Sacrifice and pathology:

GROSS PATHOLOGY: Yes
HISTOPATHOLOGY: Yes

All rats that were found dead, accidentally killed, and were sacraficed were necropsied. After approximately 12 months on test day 367 for males and 368 for females, the ten rats per group designated for the 12-month clinical evaluation were sacrificed and necropsied. All rats surviving the 24-month test period were sacrificed and necropsied on test days 736 and 737 for males and test days 738 and 739 for females. The order of sacrifice for both pathological evaluations was random among all groups within a sex.

The lungs, brain, heart, liver, spleen, kidneys, ovaries, adrenals, and testes were weighed wet at necropsy. Organ weight/final body weight ratios were calculated.

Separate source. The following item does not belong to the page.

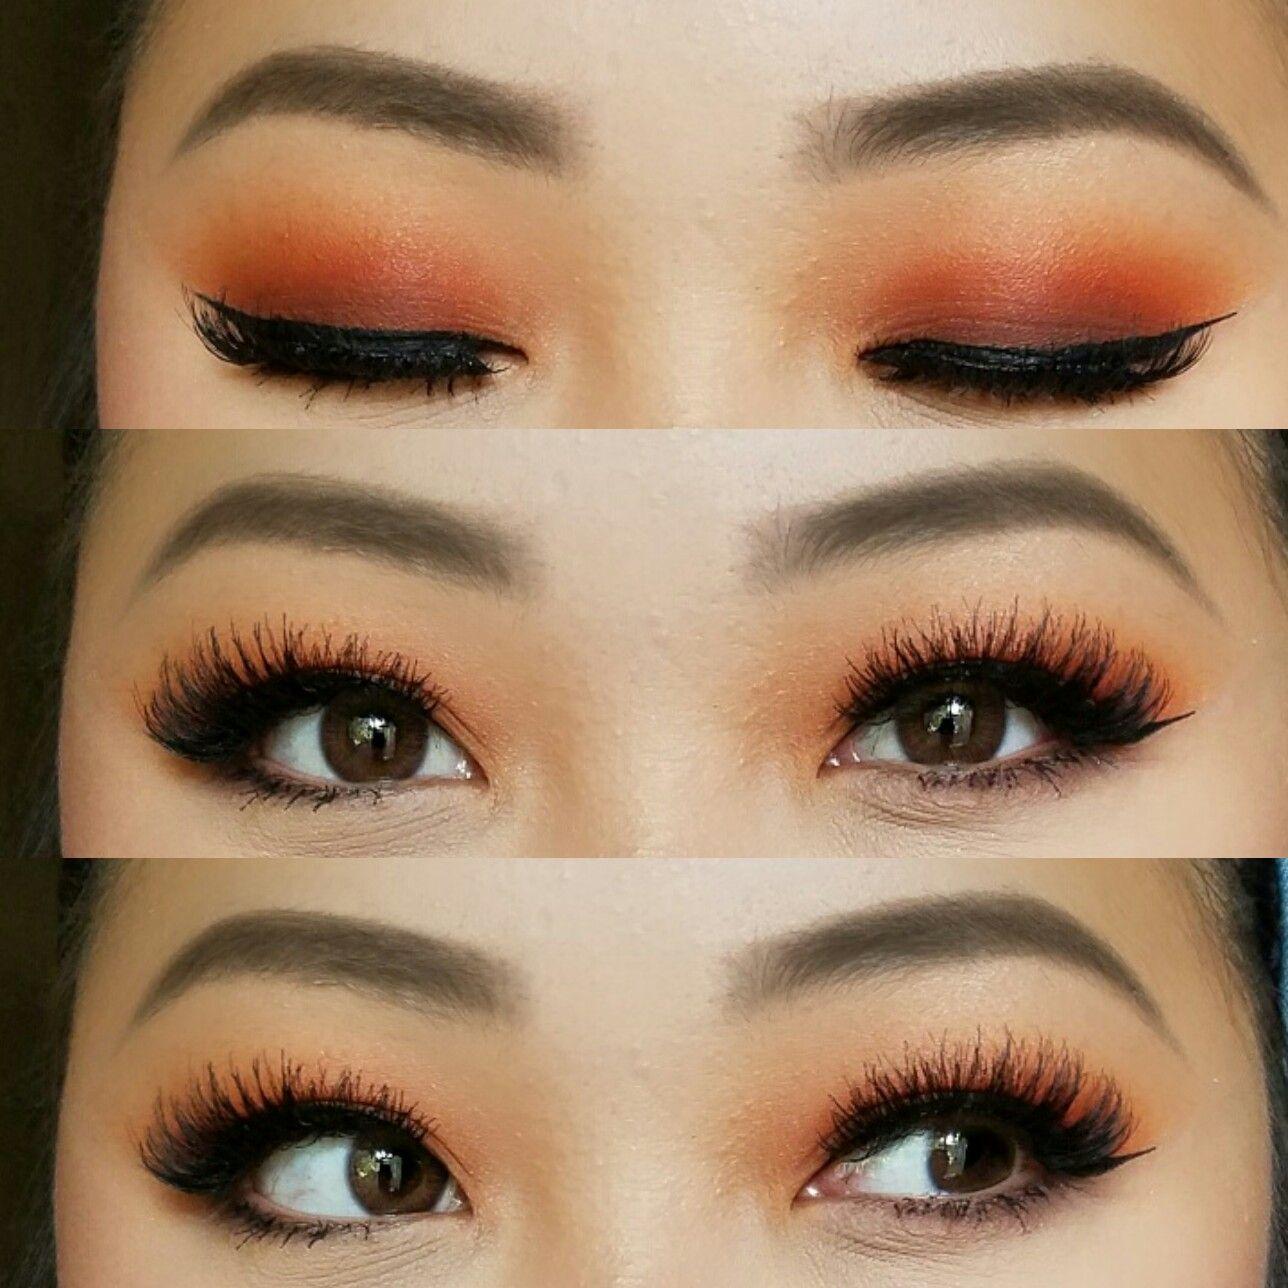 Soft smokey orange makeup. Great look for monolids. Makeup

Tissues for pathology (collected from all rats):  bone marrow, skin, lymph nodes (mandibular and mesenteric), spleen, thymus, aorta (thoracic), heart, trachea, lungs, nose (4 cross sections), larynx, pharynx, salivary glands, esophagus, stomach, liver, pancreas, small intestine (duodenum, jejunum, and ileum), large intestine (cecum, colon, and rectum), tongue, kidneys, bladder, pituitary, thyroid-parathyroid, adrenals, prostate, testes, epididymides, seminal vesicles, mammary gland, ovaries, uterus, vagina, brain (includes sections of medulla/pons, cerebellar cortex, cerebral cortex), spinal cord (3 levels), peripheral nerve (sciatic), muscle (thigh), bone (femur, including joint, and sternum), eyes, exorbital lacrimal glands, harderian glands, and all gross lesions. Collected tissues were fixed in 10% neutral buffered formalin (except testes, epididymides, eyes, skin, mammary gland and bone which were fixed in Bouin's solution).

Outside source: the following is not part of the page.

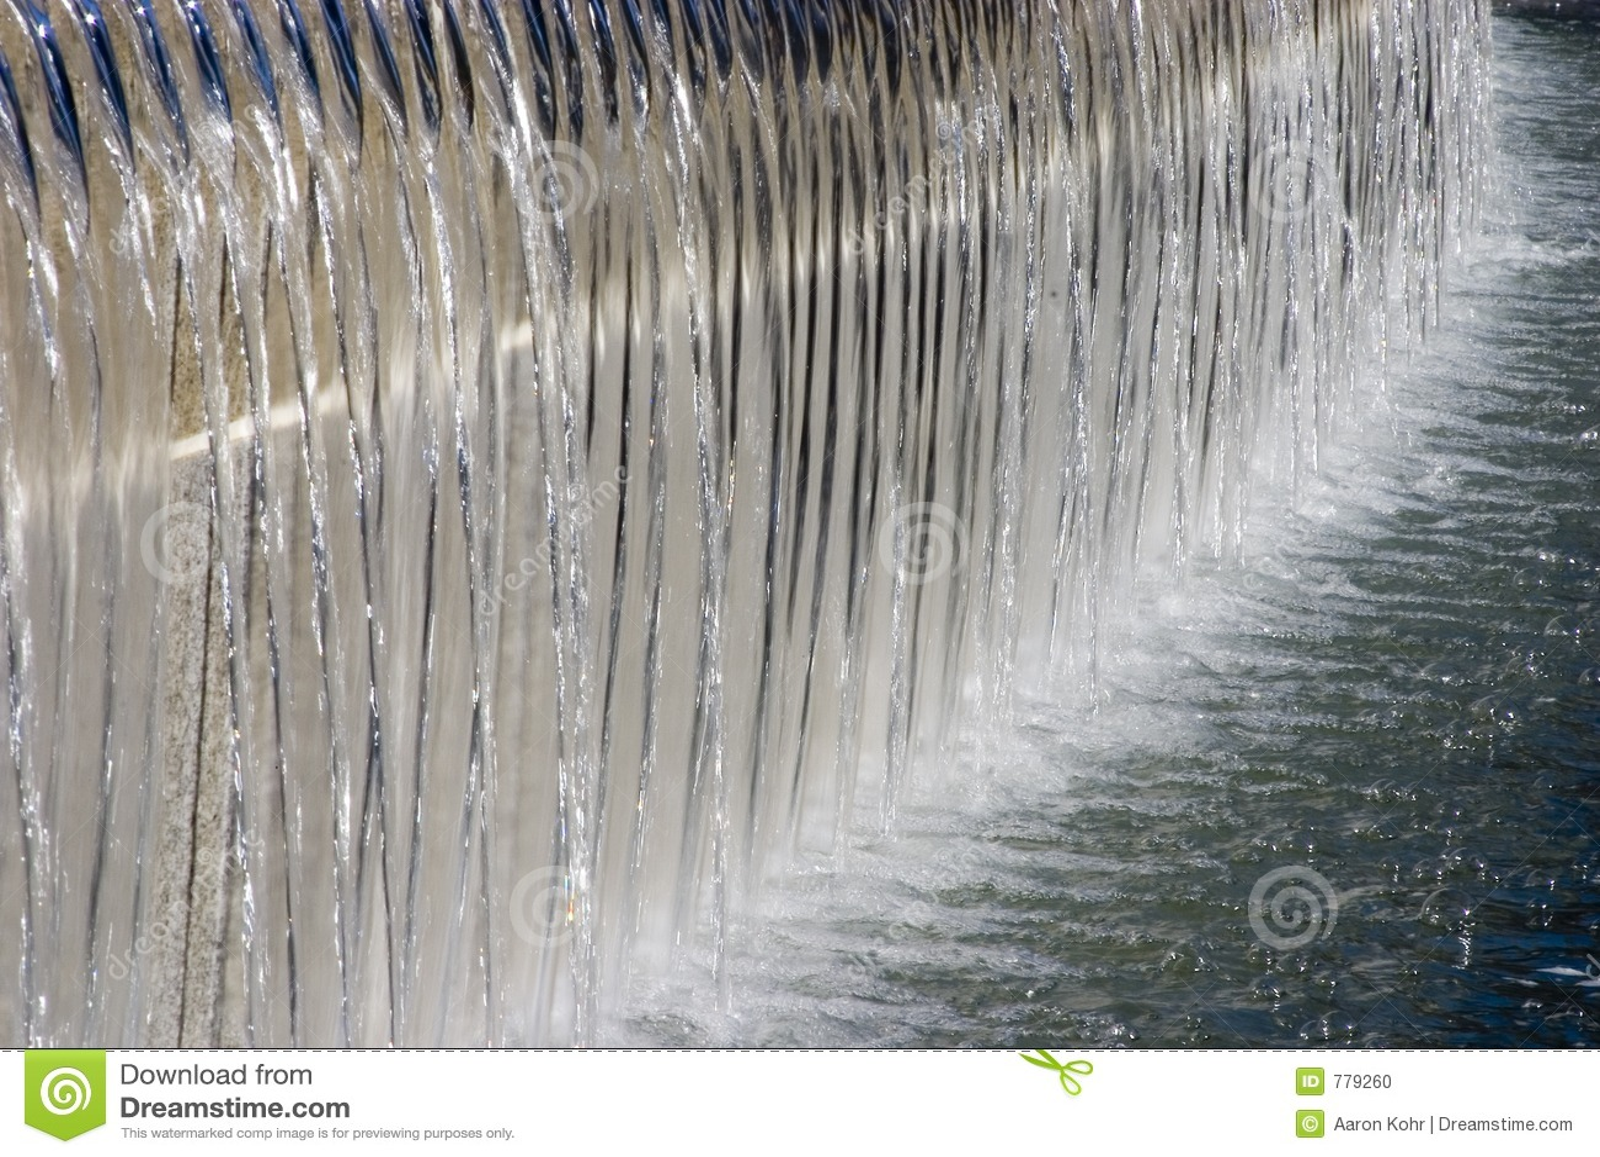 city fountain park waterfall - Waterfall Fountain

All tissues were processed to the block stage. All tissues collected from rats in the high-concentration groups, control groups, and from rats that were found dead (tissue integrity permitting) or were sacrificed, were further processed to slides, stained with hematoxylin and eosin, and examined microscopically. The nose, lungs, liver, kidneys, and all gross lesions, from rats in the low- and intermediate-concentration groups were also processed to slides and examined microscopically. Pancreas and eyes in males and females, and testes in males were also examined in all rats that died or were sacrificed by design after the 12-month sacrifice.

Two additional samples of liver were collected from each rat at the 12-month sacrifice. One of the two samples was frozen in liquid nitrogen and stored frozen for possible determination of peroxisome proliferation. The second sample was fixed by immersion in a mixture of glutaraldehyde (2.5%) and paraformaldehyde (2%) in a 0.1M phosphate buffer; samples were then refrigerated. The first five rats from each group designated for the 12-month sacrifice were also evaluated for cell proliferation.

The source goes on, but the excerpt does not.